Forman explained quite patiently that the Bulls "didn't want to make a move that made us marginally better. We'll have opportunity to strike when the time is right. There's [a] big window of opportunity for us to be good for a long time ... We want to stick to a plan. We're trying to build a team, and we want to do it at the right price."
When asked about the importance of chemistry, the relationship of the players on hand now, to winning, Forman called it "critical."
Rose, told of his conversation, nodded furiously in agreement. You hear Rose say it, you hear Noah say it, you hear Deng and Boozer and Coach Thibs and Forman say it. "We like our team." And they mean it in that collegiate, one-for-all, all-for-one kind of way. They practice like demons. They listen to the coach. They make adjustments willingly. Nobody is about to be suspended for having too many technical fouls. OK, I'm drinking the Kool-Aid. Victories like this one, like the one over the San Antonio Spurs, like the one over the Celtics have a way of doing that.
But it was Juwan Howard, a Miami player, who said on Chicago radio recently that Rose, not LeBron, is the MVP of this season so far. And Rose is certain about the ensemble cast around him.
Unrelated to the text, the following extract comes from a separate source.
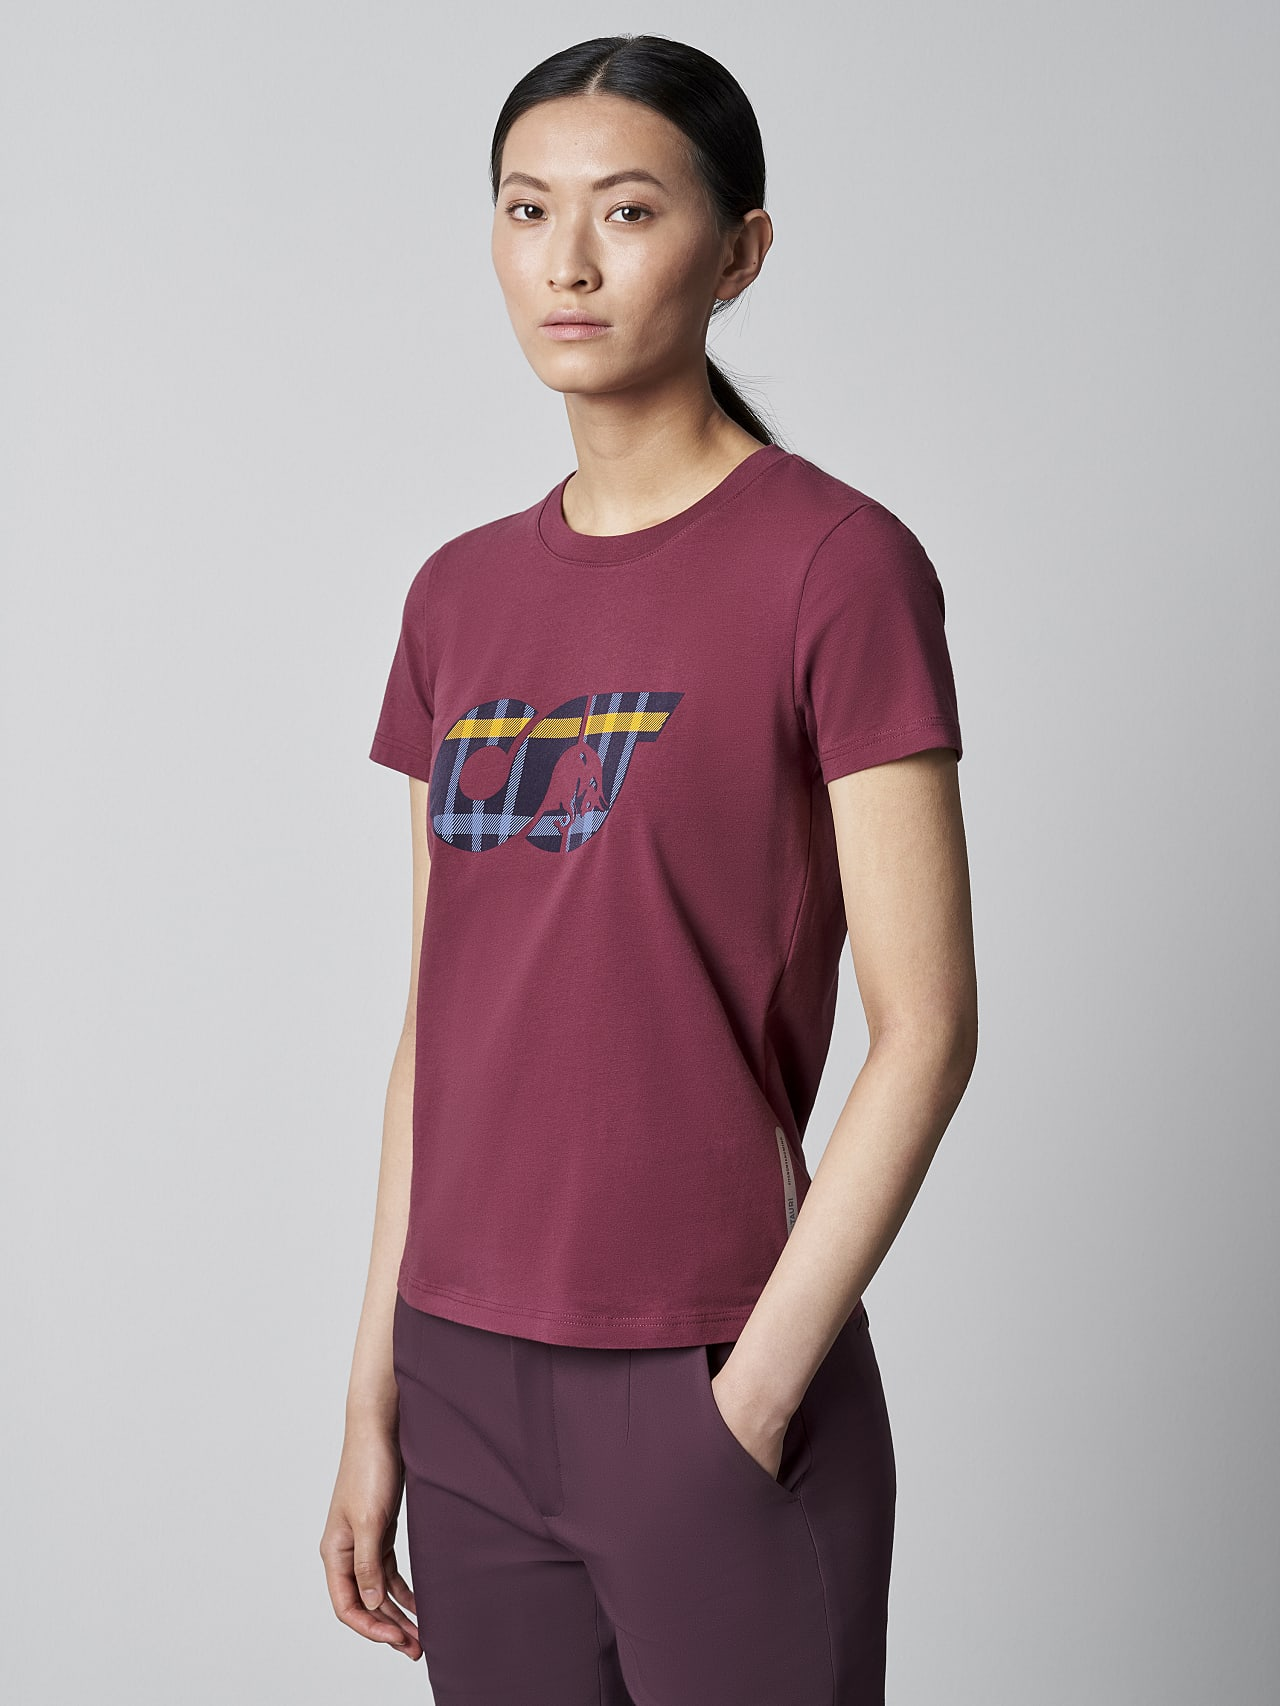 JANPA V1.Y5.02 Logo Print T-Shirt bordeaux Model shot Alpha Tauri
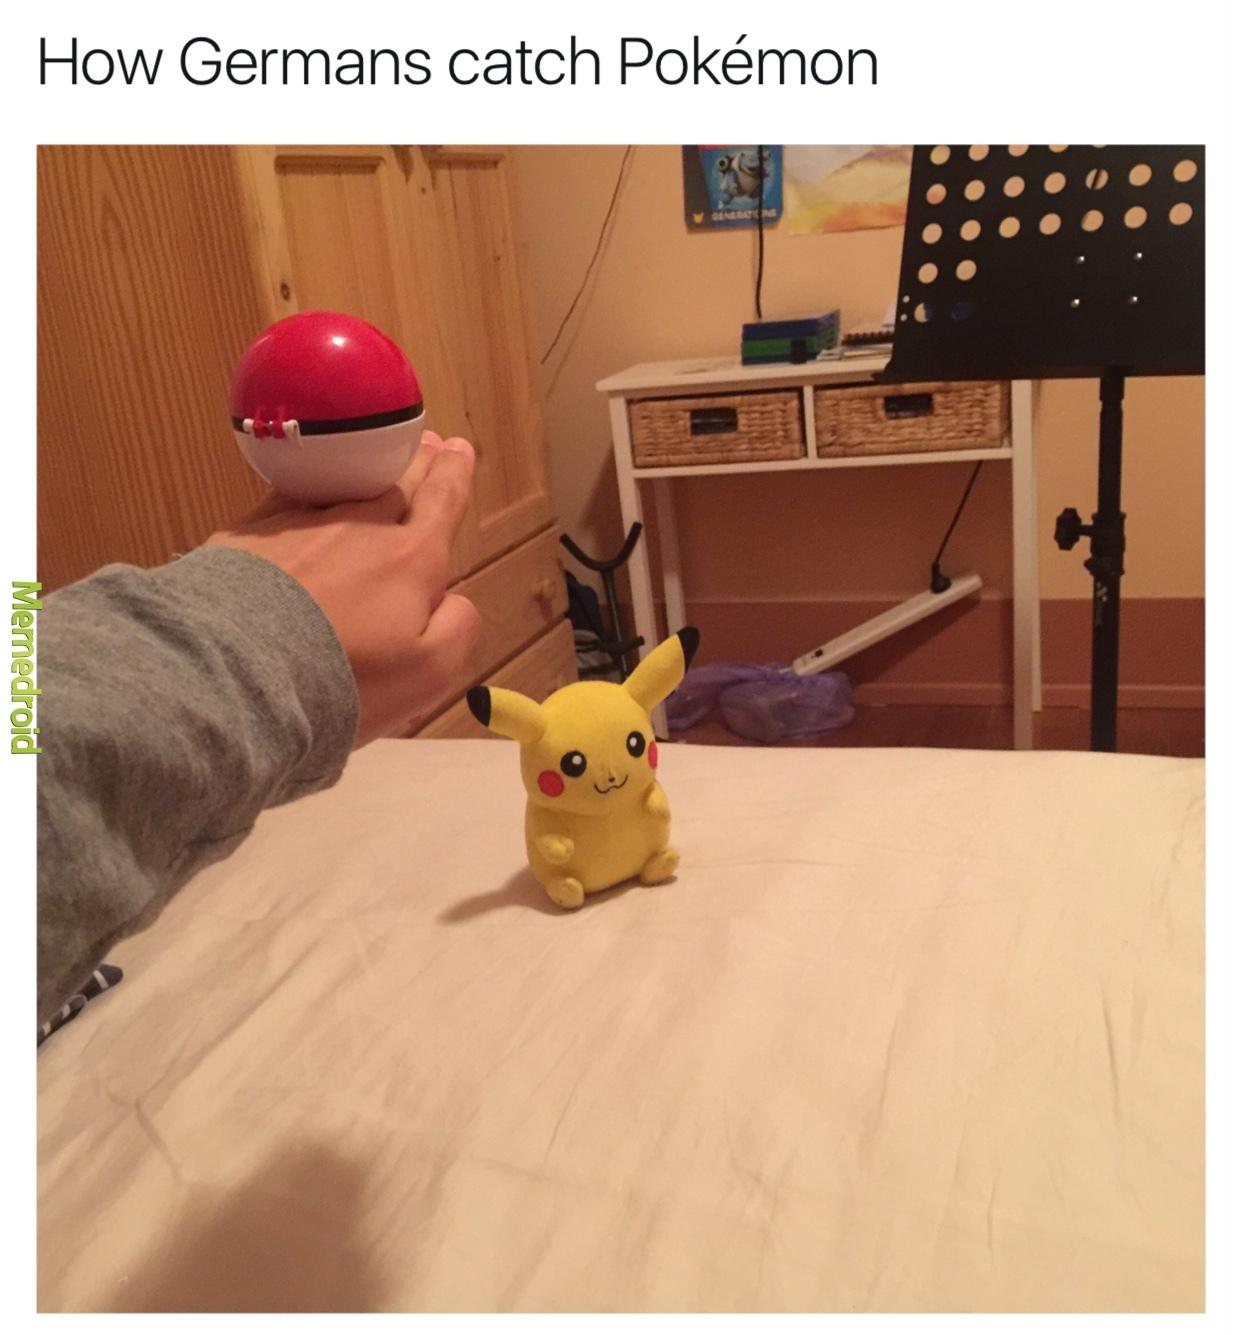 don't judge my room - meme

And though that can change come, say, May 1, it's in full effect now.
In the other victories over top-five teams, the Bulls, Rose leading the way, have tended to downplay their successes. But this one, 24 hours after losing to lowly Toronto, was not to be downplayed. "This," Deng said, "was a big game. This was a playoff-type game from the start. Miami came to play. And we're so close in the standings, we wanted to win this game."
Someone asked Deng if the Bulls care about the No. 1 seed in the Eastern Conference, and he wasted no time in answering. "We are gunning for the best record," he said.
Nearby, Rose was saying essentially the same thing. "It's time," he said, "to ball out. They had all their players [well, not Mike Miller, but they had the biggest players] and we had all ours. The first time people said, 'OK, the Bulls won, but LeBron didn't play [sprained ankle]." Well, what are they going to say now?
Michael Wilbon is a columnist for ESPNChicago.com.